Если бы кто захотел вообразить себе западное общество феодальных времен, то не иначе мог бы сложить об нем картину, как представив себе множество замков, укрепленных стенами, внутри которых живет благородный рыцарь с своею семьею, вокруг которых поселена подлая чернь. Рыцарь был лицо, чернь — часть его замка. Воинственные отношения этих личных замков между собою и их отношения к вольным городам, к королю и к Церкви составляют всю историю Запада.

Напротив того, воображая себе русское общество древних времен, не видишь ни замков, ни окружающей их подлой черни, ни благородных рыцарей, ни борющегося с ними короля. Видишь бесчисленное множество маленьких общин, по всему лицу земли Русской расселенных, и имеющих, каждая на известных правах, своего распорядителя, и составляющих, каждая, свое особое согласие, или свой маленький мир [47], — эти маленькие миры, или согласия, сливаются в другие, большие, согласия, которые, в свою очередь, составляют согласия областные и, наконец, племенные, из которых уже слагается одно общее огромное согласие всей Русской земли, имеющее над собою великого князя всея Руси, на котором утверждается вся кровля общественного здания, опираются все связи его верховного устройства.

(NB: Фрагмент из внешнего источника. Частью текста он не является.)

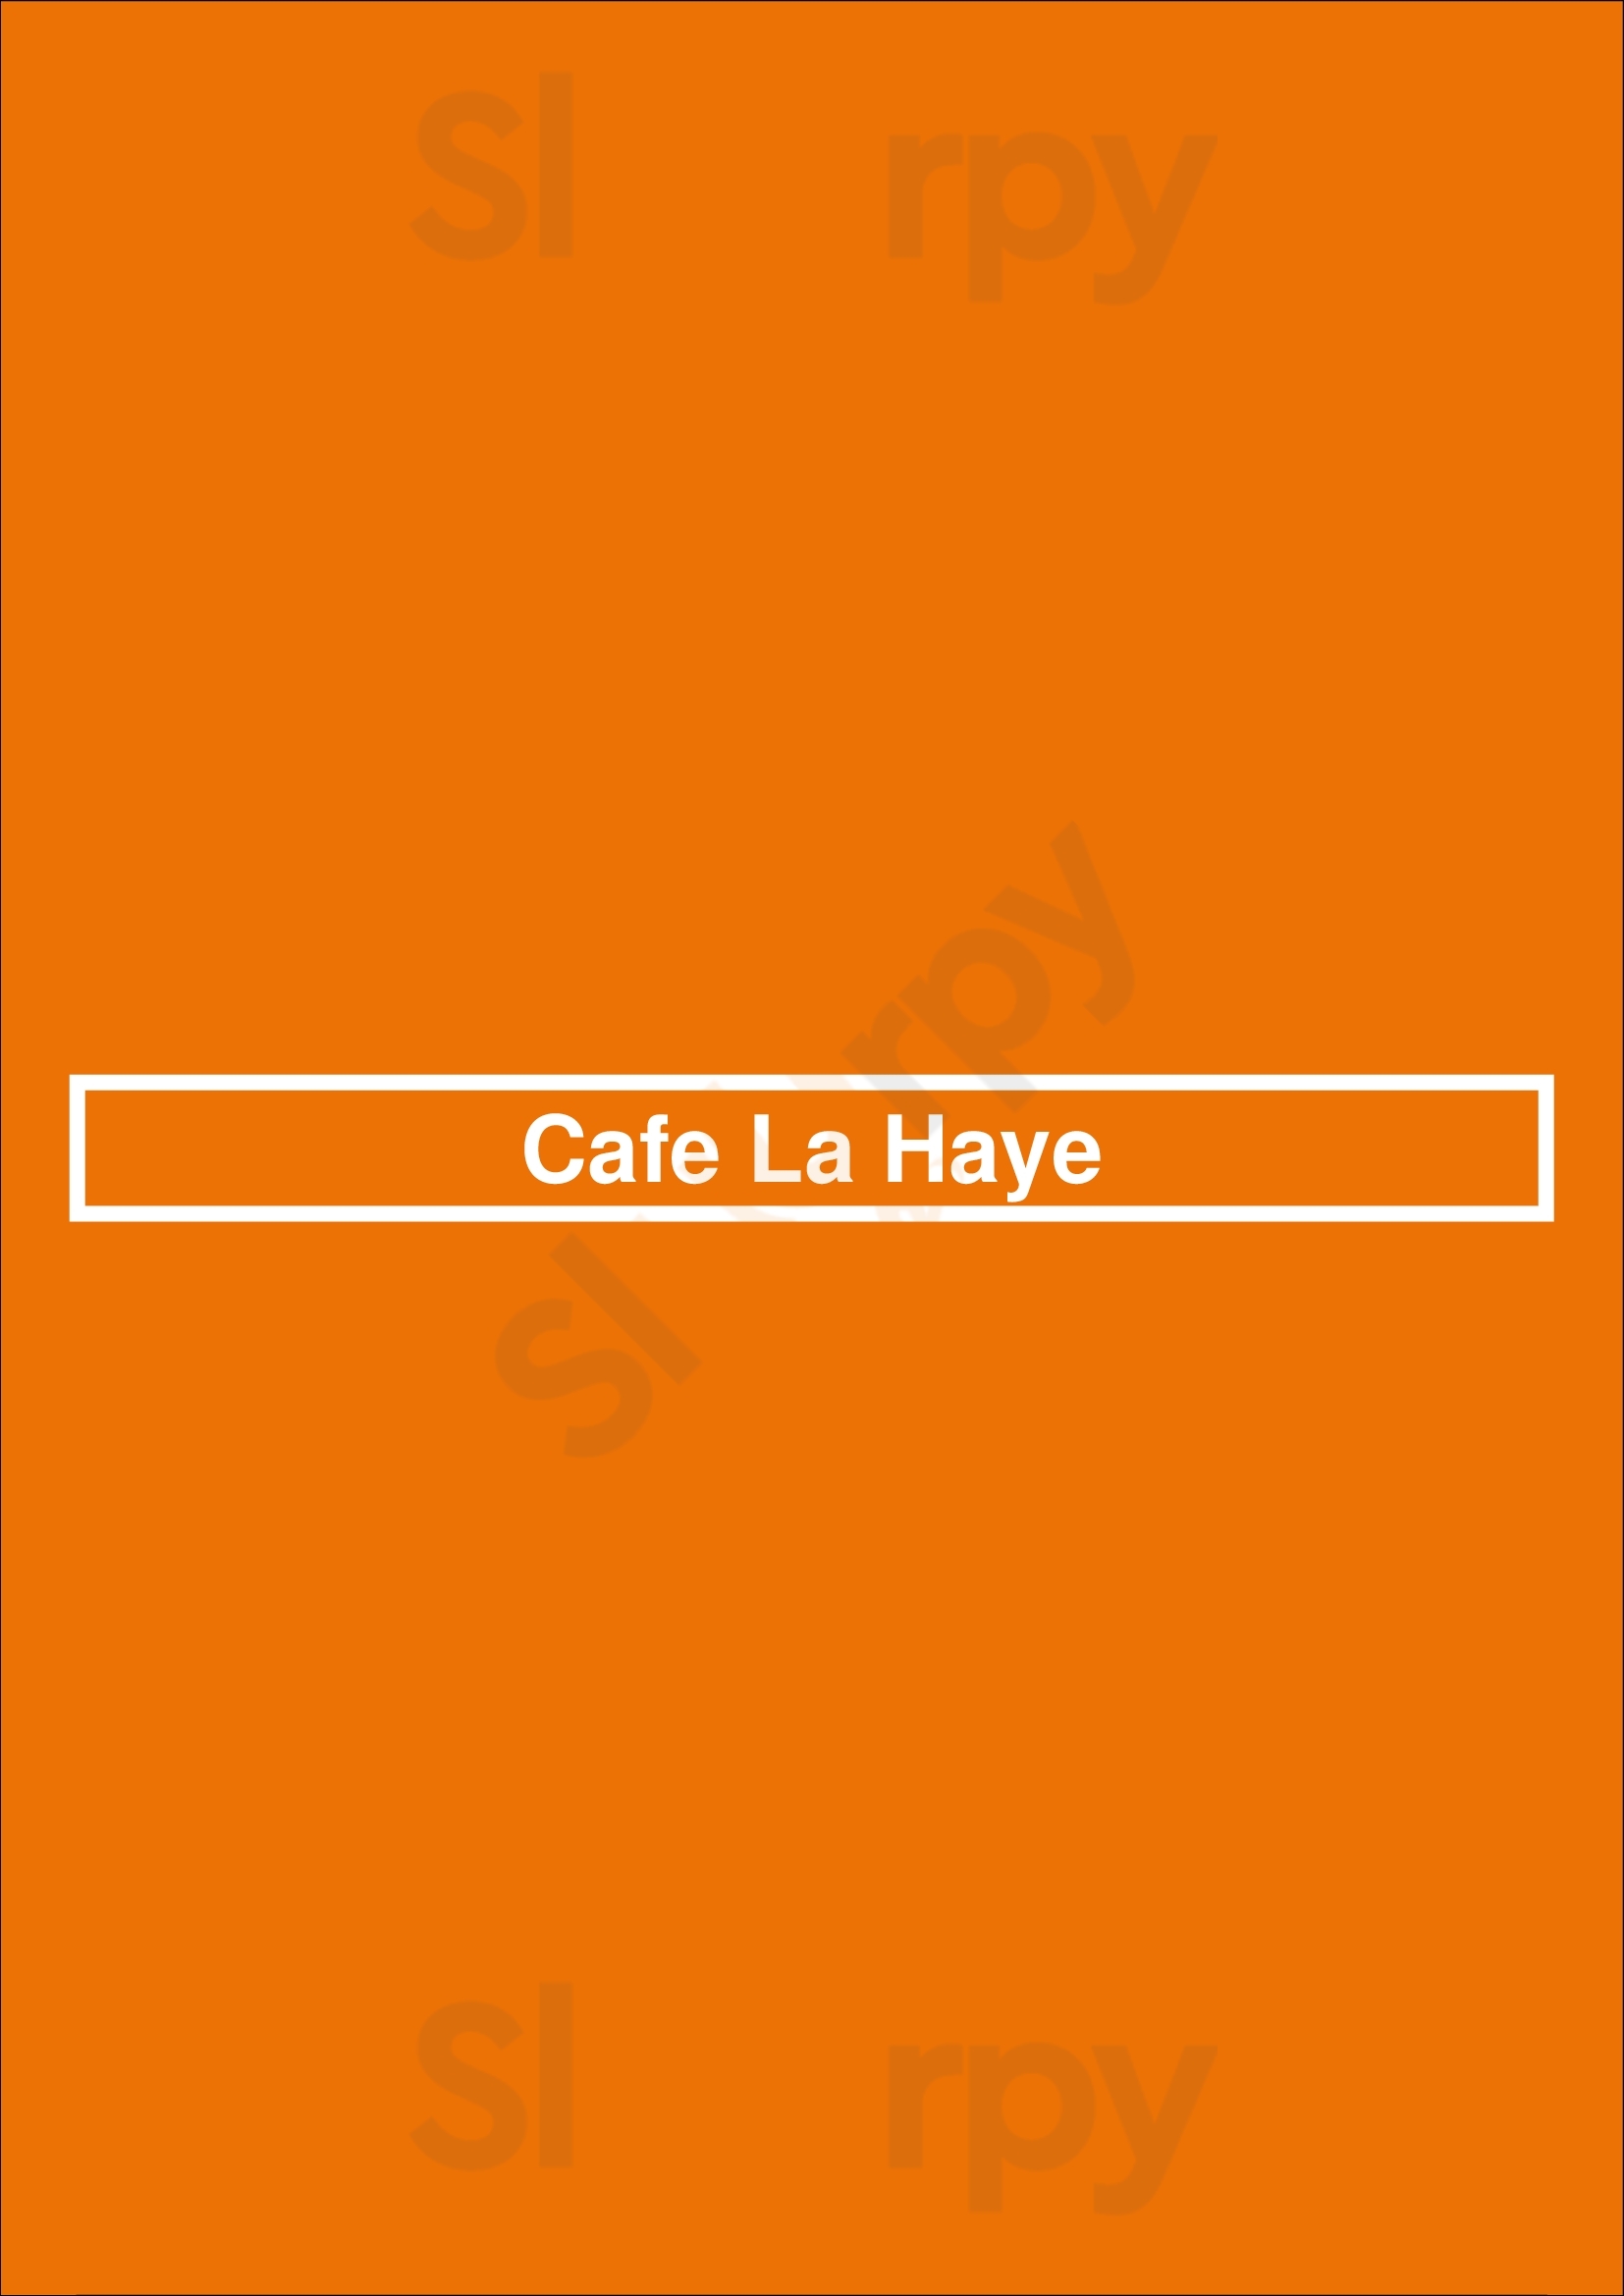 Cafe La Haye Sonoma Menu - 1

Вследствие таких естественных, простых и единодушных отношений и законы, выражающие эти отношения, не могли иметь характер искусственной формальности, но, выходя из двух источников: из бытового предания и из внутреннего убеждения, они должны были в своем духе, в своем составе и в своих применениях носить характер более внутренней, чем внешней правды, предпочитая очевидность существенной справедливости — буквальному смыслу формы; святость предания — логическому выводу; нравственность требования — внешней пользе. Я говорю, разумеется, не о том или другом законе отдельно, но о всей, так сказать, наклонности (тенденции) древнерусского права. Внутренняя справедливость брала в нем перевес над внешнею формальностию.